▶ [Exercise requirements]: Work through the data below and give the number of lines holding "Grey", nothing more.

** Opening Given data block **

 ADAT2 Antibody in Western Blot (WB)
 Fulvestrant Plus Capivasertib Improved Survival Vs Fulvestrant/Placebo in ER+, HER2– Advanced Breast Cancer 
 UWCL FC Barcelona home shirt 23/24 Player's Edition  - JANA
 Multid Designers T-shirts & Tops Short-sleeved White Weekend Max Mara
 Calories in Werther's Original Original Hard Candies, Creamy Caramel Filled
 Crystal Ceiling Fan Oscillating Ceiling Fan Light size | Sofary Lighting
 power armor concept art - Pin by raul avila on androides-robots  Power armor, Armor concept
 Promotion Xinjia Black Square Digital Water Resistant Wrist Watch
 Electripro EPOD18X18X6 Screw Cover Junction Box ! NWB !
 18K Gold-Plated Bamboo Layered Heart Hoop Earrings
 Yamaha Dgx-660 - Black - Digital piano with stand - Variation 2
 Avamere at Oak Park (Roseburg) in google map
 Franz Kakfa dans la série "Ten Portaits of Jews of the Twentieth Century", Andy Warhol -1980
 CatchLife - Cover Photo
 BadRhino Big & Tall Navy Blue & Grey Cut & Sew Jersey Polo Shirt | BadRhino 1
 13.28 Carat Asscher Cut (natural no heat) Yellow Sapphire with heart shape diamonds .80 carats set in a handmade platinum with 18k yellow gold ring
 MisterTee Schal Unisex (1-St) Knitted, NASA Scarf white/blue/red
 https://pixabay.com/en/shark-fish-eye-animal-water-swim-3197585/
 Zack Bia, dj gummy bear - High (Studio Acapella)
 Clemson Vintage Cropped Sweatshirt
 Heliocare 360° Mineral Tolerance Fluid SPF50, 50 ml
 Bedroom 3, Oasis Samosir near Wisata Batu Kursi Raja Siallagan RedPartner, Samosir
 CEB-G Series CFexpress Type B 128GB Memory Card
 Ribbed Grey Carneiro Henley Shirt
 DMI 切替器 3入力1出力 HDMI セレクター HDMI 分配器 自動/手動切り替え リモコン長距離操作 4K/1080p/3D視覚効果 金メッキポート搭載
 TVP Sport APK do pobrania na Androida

** Closing Given data block **

▶ [Exercise result]: 2